The conversation ended well with Jeff requesting one of the t-shirts I planned to make with the title of non-expert ER contrarian on the chest.

Jeff recently reached out to me with his new publication called Fragility Index Meta-Analysis of Randomized Controlled Trials Shows Highly Robust Evidential Strength for Benefit of <3 Hour Intravenous Alteplase asking about my thoughts.  I thought this would be a great opportunity to dig deeper into the fragility index and have another expert in stroke neurology on the SGEM.

Dr. Eddy Lang

We have had a couple of individuals previously on the SGEM who strongly support the use of tPA in acute ischemic stroke (AIS). One was Dr. Eddy Lang who is a well-known Canadian researcher and emergency physician in Calgary, Alberta. Eddy appeared on the SGEM Xtra episode called the Walk of Life discussing AIS.  We had a debate on the issue of tPA for stroke published in CJEM 2020 as part of their debate series. Eddy is also the senior author on the CJEM article summarizing the Canadian Stroke Best Practice (CSBP) 2018 Guidelines. This Canadian guideline gives a level “A” recommendation for the use of tPA in AIS in patients last seen normal within 4.5 hours.

  • “All eligible patients with disabling ischemic stroke should be offered intravenous alteplase (tPA). Eligible patients are those who can receive intravenous alteplase (tPA) within 4.5 hours” of symptom onset time or last seen normal (Evidence Level A; Section 5.3.i).

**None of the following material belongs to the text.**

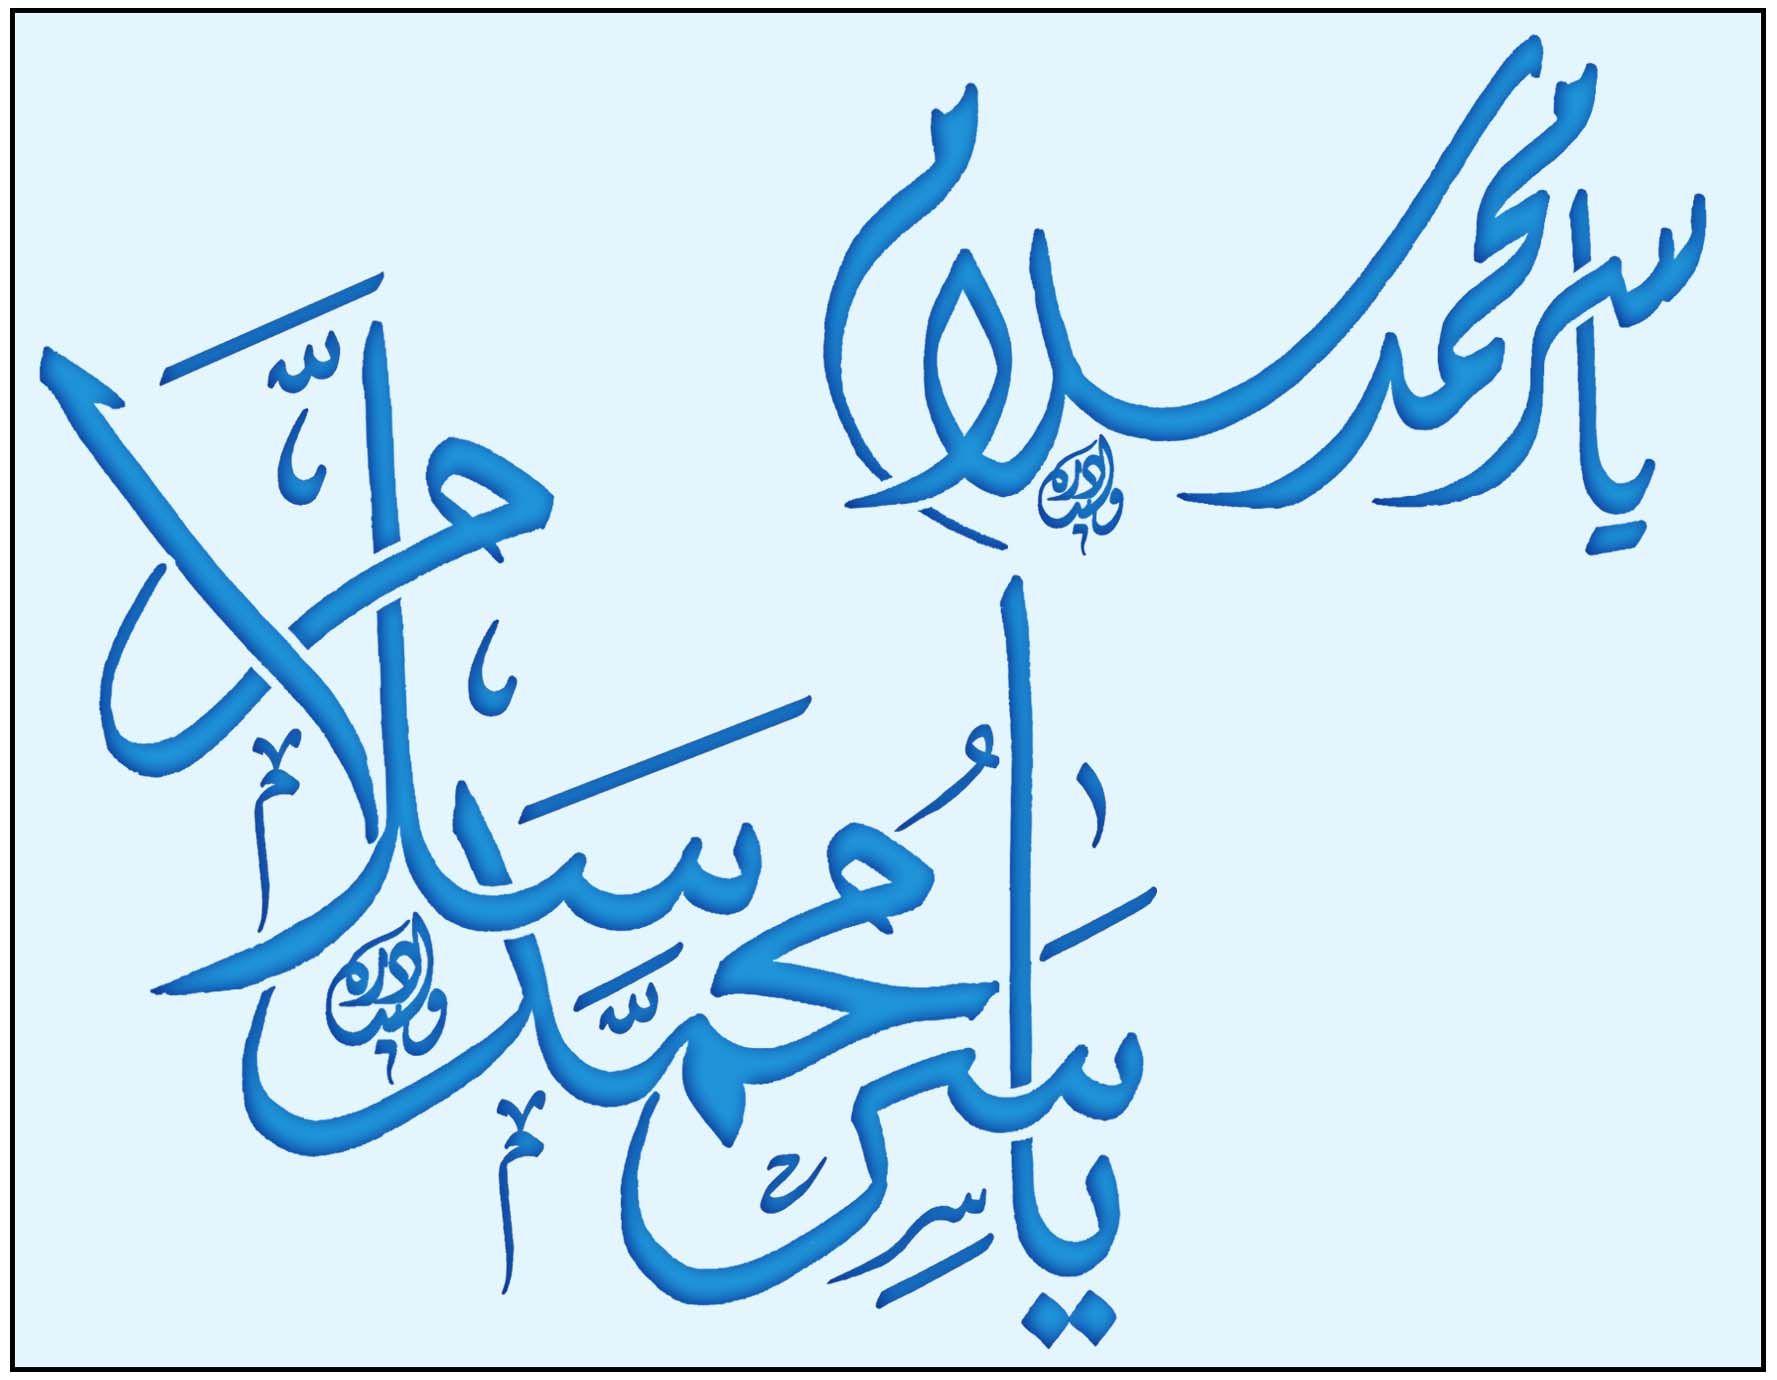 خط عربي ثلث ديواني وليد دره ياسر سلام تركيبة خطية Islamic Art Calligraphy Handwriting Arabic Calligraphy Calligraphy

We also had a neurology resident on to critically appraise a systematic review and meta-analysis of endovascular therapy plus/minus tPA as a bridging therapy (SGEM#349). A few more publications have come out since that podcast and the European Stroke Organization (ESO) recommends intravenous thrombolysis before mechanical thrombectomy in patients with acute ischemic stroke and anterior circulation large vessel occlusion.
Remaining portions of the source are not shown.